We will also demonstrate how we tackled the deployment of our monolith. This demo will show how we used the HAProxy Fusion Control Plane as a service mesh.

Finally, we will share some takeaways from this experience and discuss the path forward.

So what does Clover do?

We don't just take payments. We track inventory. We also manage employees with powerful apps. We tackle everything related to online sales, customer loyalty programs, and much more.

Clover and HAProxy. We've had an amazing working relationship with HAProxy for the past 10 years. One thing we love about them is zero on-call pages, zero drama. And trust me, at Clover, we don't want any drama in our applications.

HAProxy has been a silent workhorse for us. Its seamless integration often goes unnoticed when we're talking about technologies, but we know that part of our application is already covered because we have HAProxy with us. And its reliability is well known, of course

What's the use case here? As I mentioned, we have a huge monolith, which we call the Clover Operating System. We also took on the task of figuring out how to containerize that. This whole journey has been about that.

We went beyond blue-green deployments or just canary deployments to think about it as "as many colors as we want". So we can go on from blue, green, red, yellow—whatever we need for our use cases.

I think most of you are aware of traditional blue-green deployments. As you all know, a blue deployment is the latest, most stable version of an application currently deployed and being used by all the customers. Then we have a green deployment, which is the candidate for the next major release and to which all the customers will eventually be migrated.

We had a specific use case where we wanted to pin specific customers to specific versions or add functionality just for those customers. But we deal with very traditional banks that are very careful about moving to a new version or changing their version. So we sometimes have to pin them to a specific, previous version.

We came up with this idea: Why don't we add more colors to it, like blue, green, red, and so forth? Then we could pin some of our customers to a specific version, and they wouldn't need to worry about any changes that we're making in our application going forward. Then, we'd create other color deployments for hotfixes or experimental features that we want to add to our application.

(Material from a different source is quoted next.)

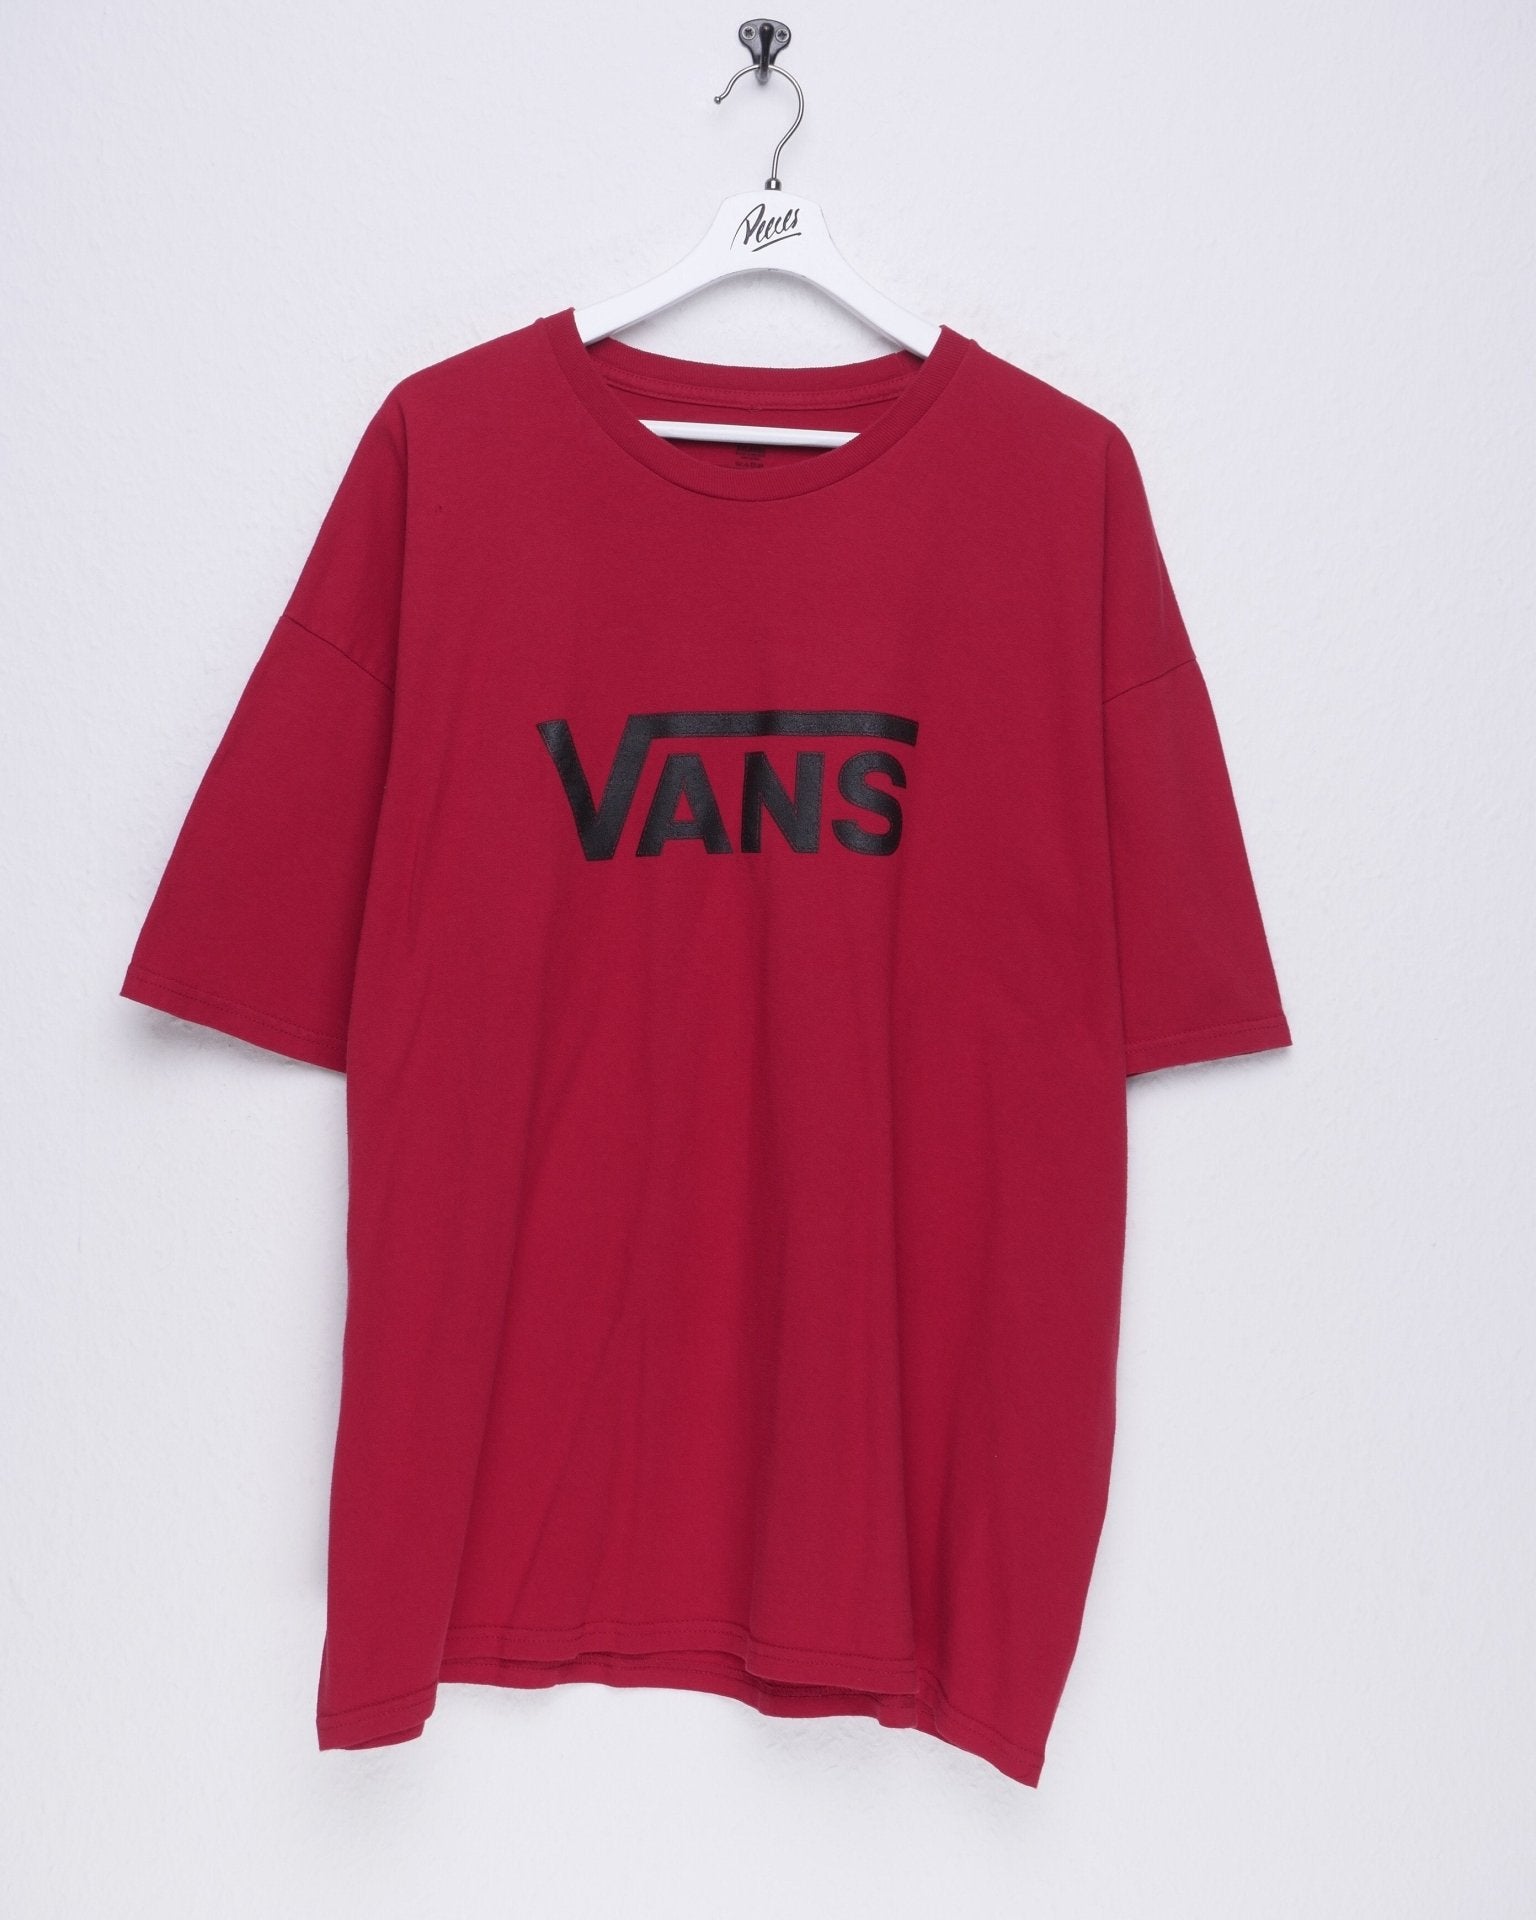 vans printed Big Logo red oversized Shirt - Peeces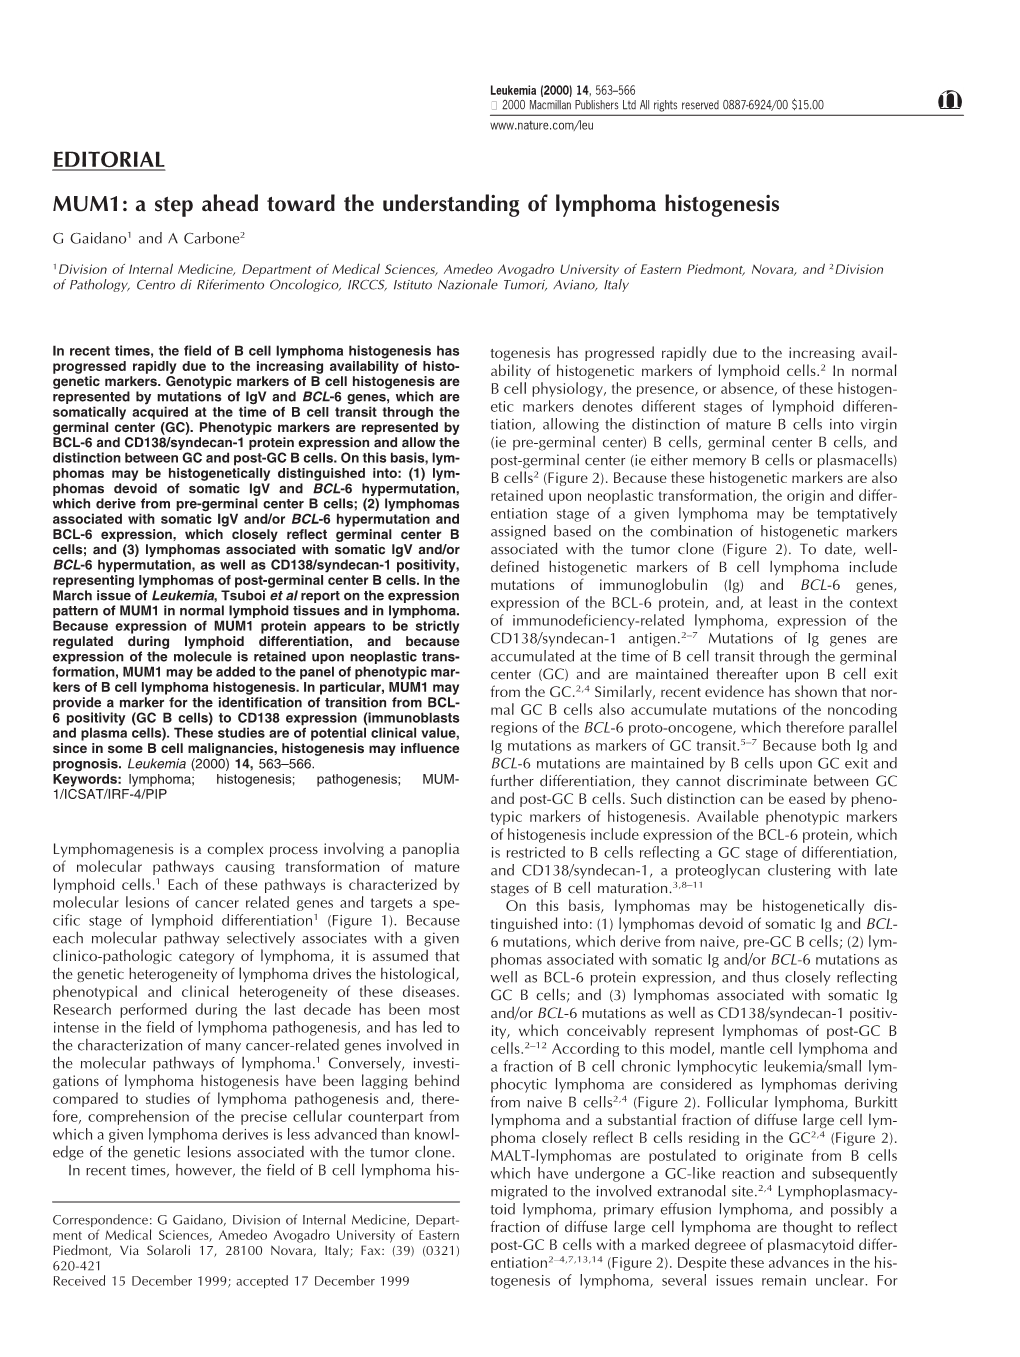 MUM1: a Step Ahead Toward the Understanding of Lymphoma Histogenesis G Gaidano1 and a Carbone2

HAProxy helps us with this through its weight-based routing. Imagine bringing in a new release, adding a new weight, let's say 20% to start with, and then increasing it, and so on, until it reaches 100. Or we can keep it at 50/50 or whatever we want.

It helps us with SSL termination, it brings in security, and it helps us with the speed of our monolith. It also gives us service mesh agility.

We chose HAProxy Fusion Control Plane for this. In today's keynote, it was explained beautifully what HAProxy Fusion Control Plane can do. It supports multi-cluster management for not just north-to-south traffic, but also east-to-west. It gives us real-time configuration updates. It has a REST API interface, which will be instrumental for us going forward because we want to automate the process instead of manually changing the configurations. We want to codify that for our developers.

It also provides Consul integration for dynamic backend server pools. Kubernetes integration is for our future use because we use Kubernetes for our microservices.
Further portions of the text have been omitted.